Last week Florida’s Fourth District Court of Appeal issued an opinion the described and confirmed the ways breach of contract damages can be calculated in construction disputes and allowed termination of a contract for failure to pull proper permits. This case serves as a good reminder to do things the right way and has some great discussion of the type of information contractors should expect to provide in court over a payment dispute.
Cano, Inc. v. Judet, arose from a contract between a homeowner and a general contractor to perform repairs to the homeowner’s residence after it was struck by lightning. The contract between the parties was for $300,000.00, with payments to be made in $30,000.00 increments. After the homeowner had made $90,000.00 in payments, he discovered that the contractor had not obtained electrical or plumbing permits for the work and terminated the contractor from the project.
In response the contractor filed a construction lien for $40,000.00, which it claimed was due. The contractor then filed suit to foreclose the lien, and for breach of contract and unjust enrichment.
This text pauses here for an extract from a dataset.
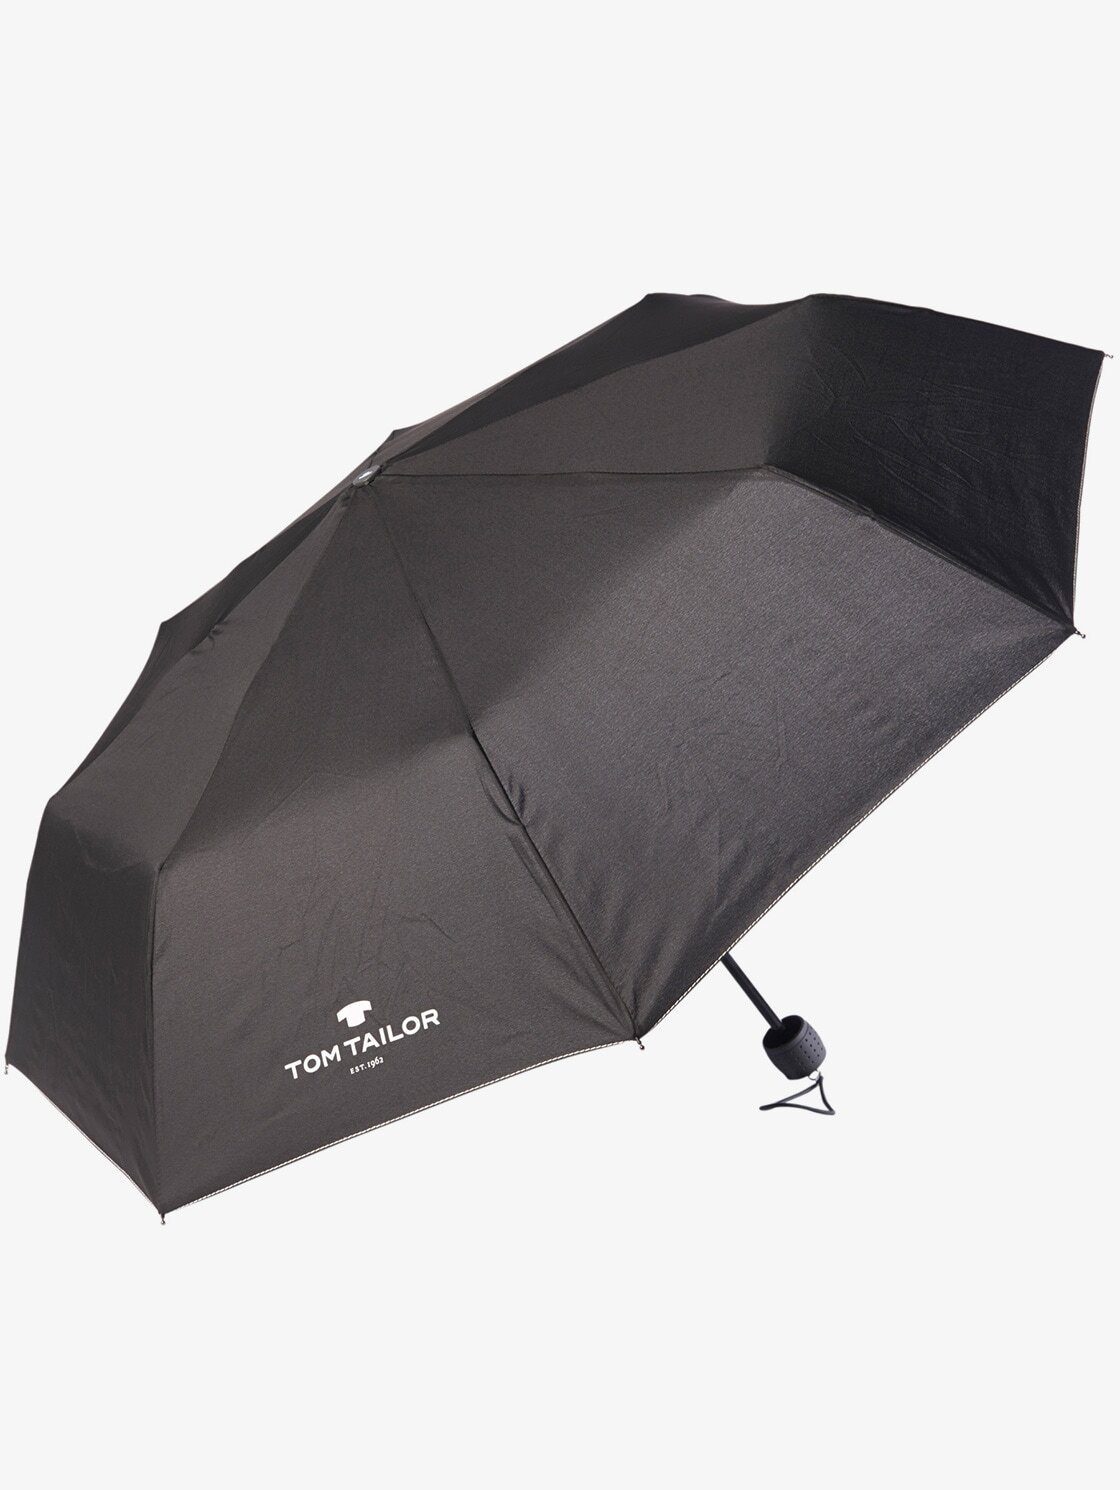 TOM TAILOR Taschenregenschirm Extra kleiner Regenschirm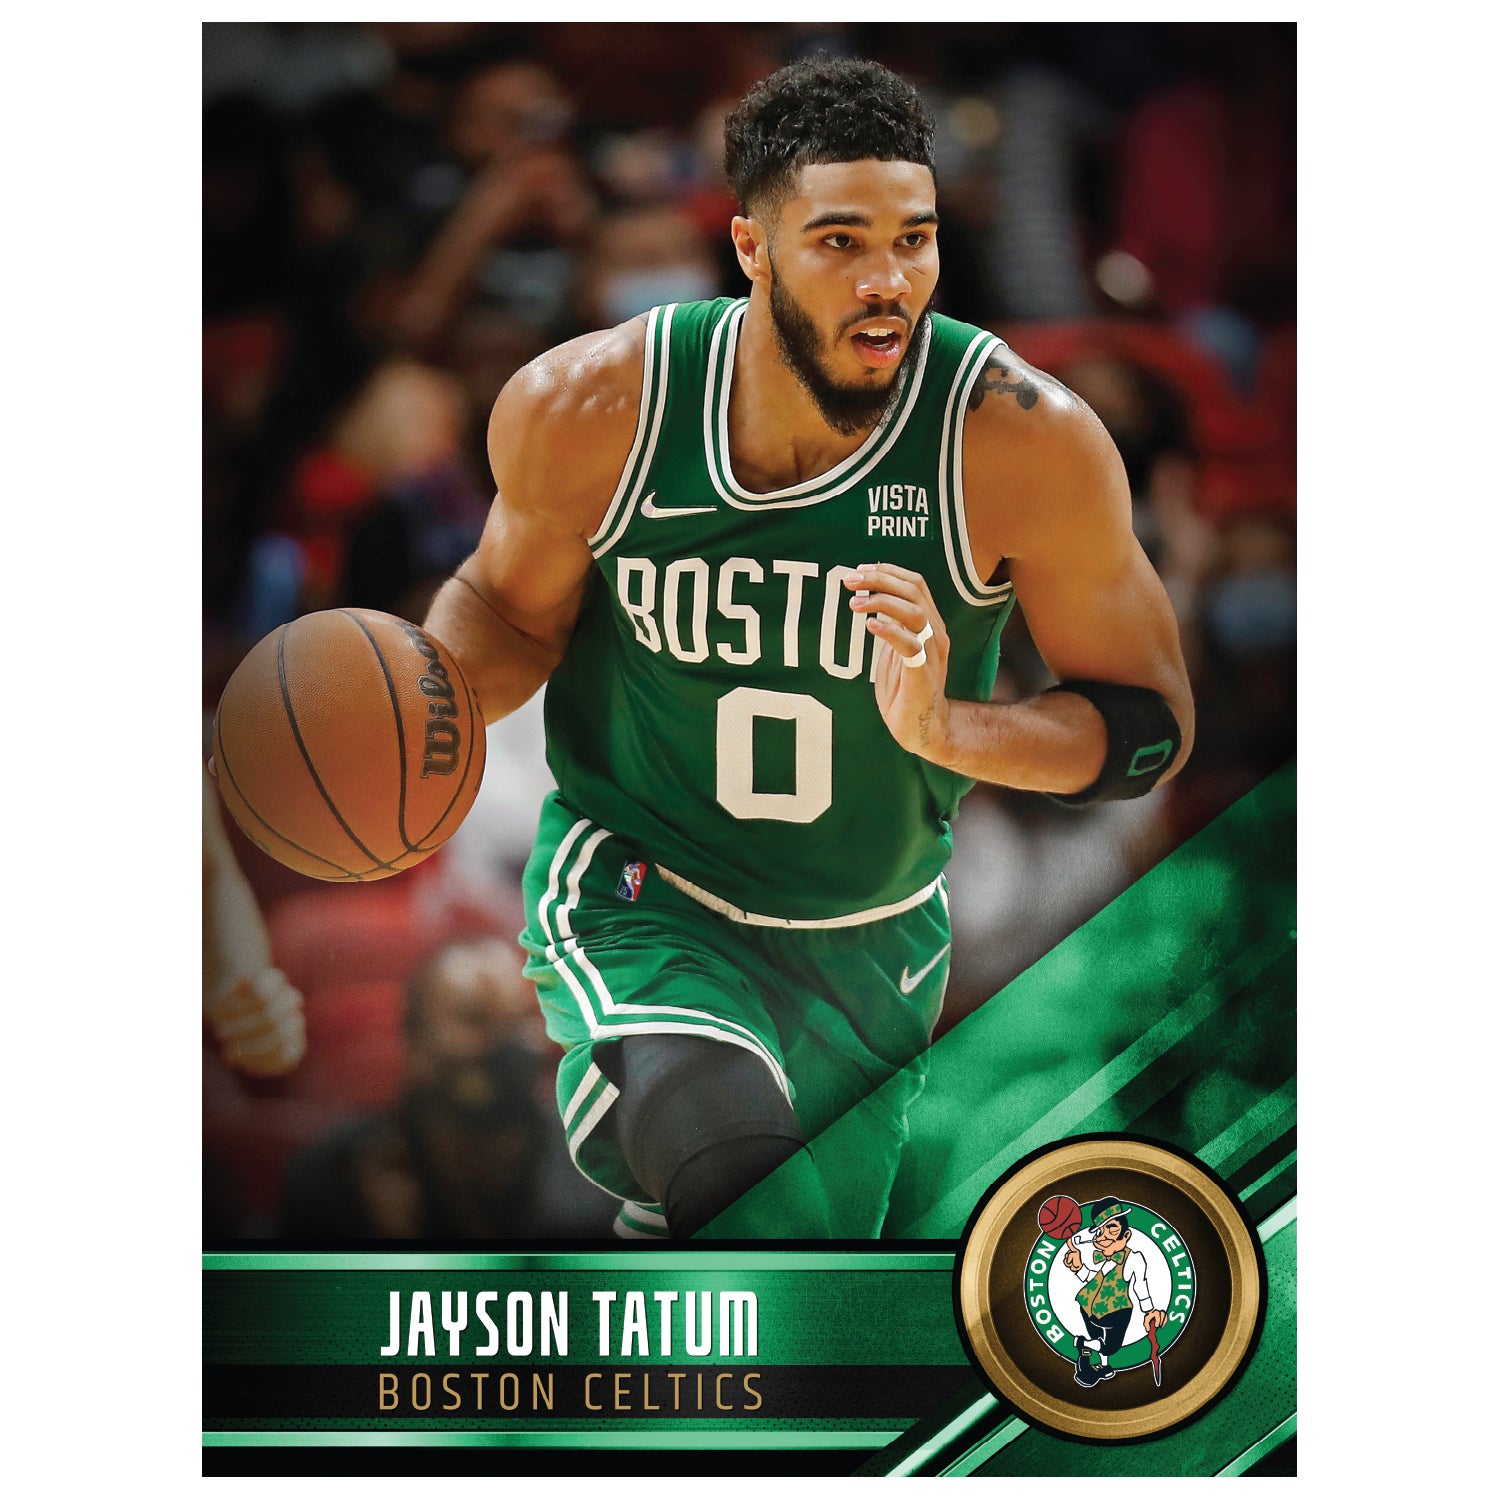 Boston Celtics: Jayson Tatum Poster - Officially Licensed NBA

The homeowner filed a counterclaim for breach of contract, and sought to discharge the lien, reimbursement for all funds paid for unpermitted work, and restitution for amounts paid in excess of the value of the work performed by the contractor.
At trial, the homeowner presented credible expert testimony that the value of the work performed by the contractor was $49,150.00. The homeowner’s expert also testified that his company completed the project for the homeowner at a cost of $160,000.00. While the court does not state what the contractor’s expert testified to, it does not that the trial court found his testimony less credible because the homeowner’s expert knew more about the values of work in the community where the house was located.
Following trial, the court entered judgment in favor of the homeowner in the amount of $40,850.00. This amount was the difference between what the contractor had been paid thus far ($90,000.00) and the amount the homeowner’s expert testified to was the value of the work performed ($49,150.00). The contractor appealed, arguing that the trial court had used the wrong measure of damages in awarding the homeowner $40,850.00.
On appeal, the Fourth District Court of Appeal examined two different measures of damages to be used in construction contract disputes. The first measure of damages is described by the Florida Supreme Court as follows:
Where a contractor breaches a construction contract, and the owner sues for breach of contract and the cost to complete, the measure of damages is the difference between the contract price and the reasonable cost to perform the contract.
By way of example, if a contractor has a contract to perform work for $100,000.00, and breaches, and it ultimately costs the owner $110,000.00 to finish the work, then the damages to the owner would be $10,000.00. In this case, had the homeowner sought these damages, it would not have received anything, because the original contract was for $300,000.00, and the total the homeowner spent between the original and new contractors was only $250,000.00 ($90,000.00 + $160,000.00).
However, the second measure of damages recognized by the Florida Supreme Court is described as follows:
But where there is a total breach of the contract as opposed to a partial breach, an injured party may elect to treat the contract as void and seek damages that will restore him to the position that he was in prior to entering into the contract or the party may seek the benefit of his bargain.
Here the homeowner sought these damages, and was awarded $40,850.00, because it put him in the position he was in prior to entering into the contract, while also accounting for the value of the work performed by the original contractor. The Fourth District Court of Appeal affirmed this award, and determined that it complied with the second measure of damages recognized by Florida’s Supreme Court.
There are several takeaways from this case for contractors. First, make sure you pull proper permits, and if you discover an issue with the permits, correct it or obtain after the fact permits. The court decision doesn’t indicate whether the contractor offered to do this here, but it’s always an option that should be explored.
Second, if you find yourself going to trial, you want to make sure that any expert you use will give credible testimony about the value of the work performed, and not just rubber stamp the numbers you give them. Again, it’s not clear what the trial court found credible or un-credible about the expert here, but in many cases, the court will rely heavily on the expert because the expert should be a little more neutral than the parties.
Finally, consider adding language to your contract that will modify or eliminate how certain damages will be calculated. There are few things that cannot be controlled through contract language, so discuss options with your attorney to see what would be best for you.